The problems facing the Bern-Switzerland based carrier are clear and well known. It reported an 11/% fall in net profit for the first quarter to CHF460 million ($377 million), from CHF520 million ($427 million) in the year-ago quarter. Sales likewise declined 2.9% to CHF2.37 billion ($1.95 billion) from CHF2.44 billion ($2 billion) in the year-ago period. The results were hurt by one-off charges as well as continuing declines in its fixed-line business that offset growth at its internet unit.

Swisscom is facing a saturated domestic market and needs to make foreign takeovers if it is to have any realistic growth prospects. However, in January, Swisscom’s CEO Jens Alder was left with little choice but to resign after the carrier’s much-needed expansion strategy was effectively torpedoed by the Swiss government when in November last year it banned any overseas acquisitions.

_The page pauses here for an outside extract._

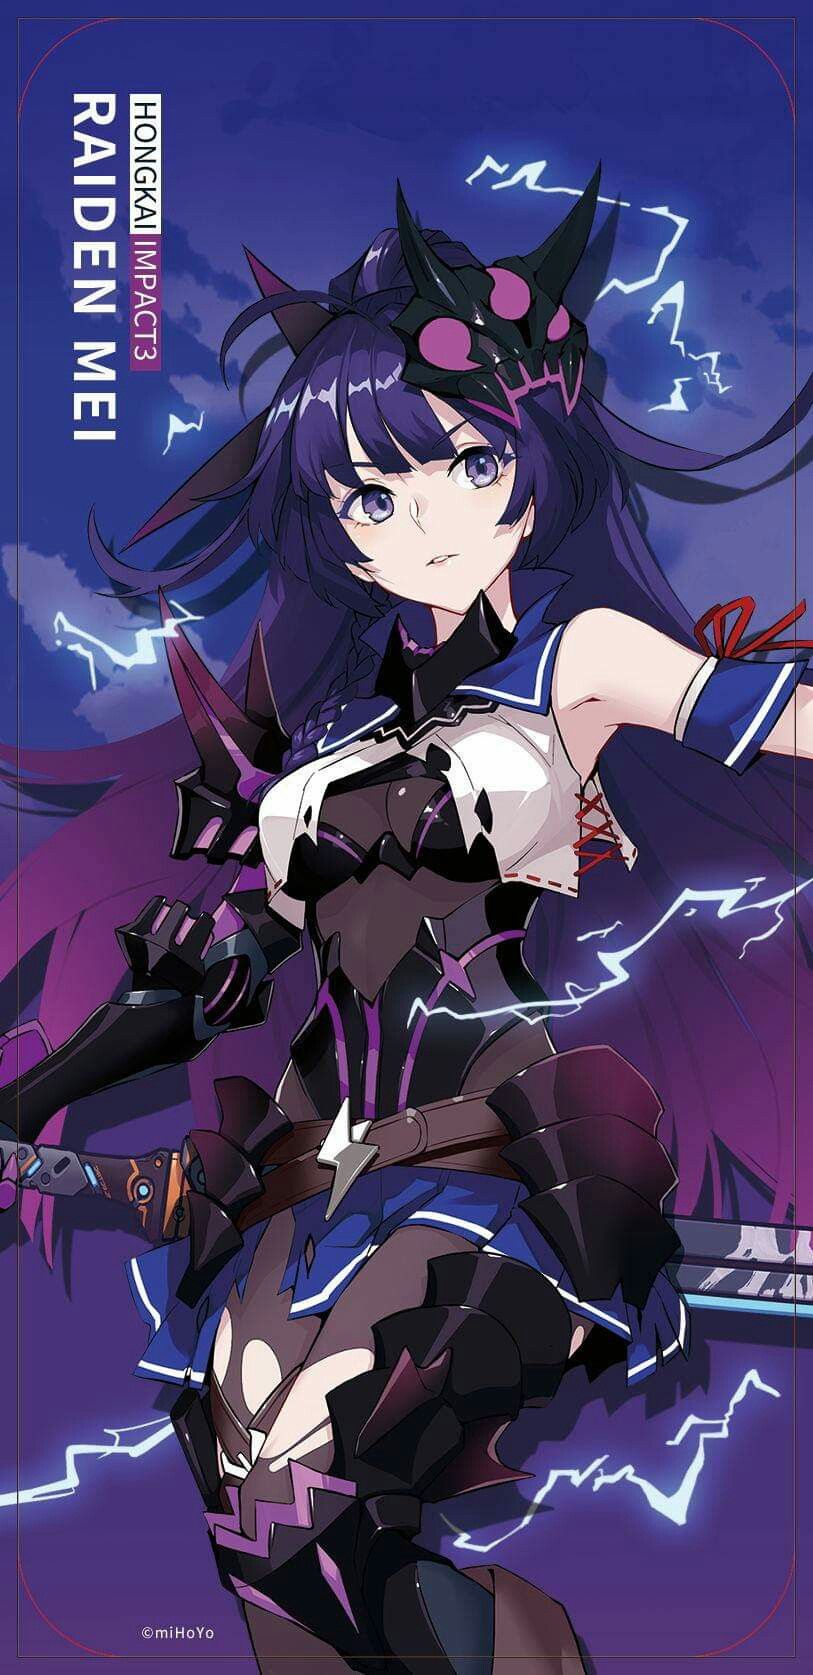 Battlesuit lightning empress. Kawaii anime, Anime warrior, Anime art girl

In a humiliating move, the carrier had to withdraw from the race to acquire Irish carrier Eircom Group. It had also been in the frame to acquire the former Danish incumbent TDC, which since accepted a takeover offer from a group of private equity firms. Swisscom had previously tried and failed to acquire neighboring carriers Telekom Austria and Cesky Telecom.

Swisscom is a cash-rich operation and is Switzerland’s largest telecoms operator, with more than 15,000 staff. It has both fixed-line and mobile assets, with more than four million mobile phone subscribers. Unlike many of its European competitors that embarked on expensive expansion policies during the late 90s, it opted instead for a conservative route and concentrated on its core Swiss market after withdrawing from Germany and Asia.

This meant it rode the downturn better than most and emerged with very little debt compared to larger European rivals. But this policy means Swisscom now has limited expansion opportunities in Europe. Domestically, it is facing declining fixed-line sales, while almost 90% of Switzerland’s 7.4 million people are already mobile-phone users.

All this made the M&A veto by the Swiss government, which holds a 66.1% stake in the carrier, bizarre, and the move stunned industry watchers at the time. It is generally believed that Swisscom was the victim of political infighting in the country with its coalition government. It is also thought that the Swiss government remains is terrified of another high-profile collapse following the failure of the former national airline, Swissair Group, which collapsed in 2001 after amassing CHF17 billion ($13.25 billion) in debt following a foreign takeover spree.

Now any hopes that Swisscom can escape government clutches via a privatization are also looking slim. The Swiss parliament is soon expected to begin debating the government’s sell-off of its stake. Yet it seems that the pro-privatization lobby made up of the Swiss people’s party, the largest party in parliament, along with the business-friendly free democratic party, is going to run into intense opposition from the social democrats (the second largest Swiss party) and the Christian democratic people’s party who reject the need for a government sell-off of the Swisscom stake, fearing it would lead to poor public services and even a possible acquisition by a larger foreign competitor.

Yet the rationale behind this argument looks increasing implausible considering that Swisscom is reiterating its full-year outlook, where it expects its core profit to continue to drop over the next three years. It also expects revenue to fall to around CHF9.5 billion ($7.79 billion) from CHF9.73 billion ($7.98 billion).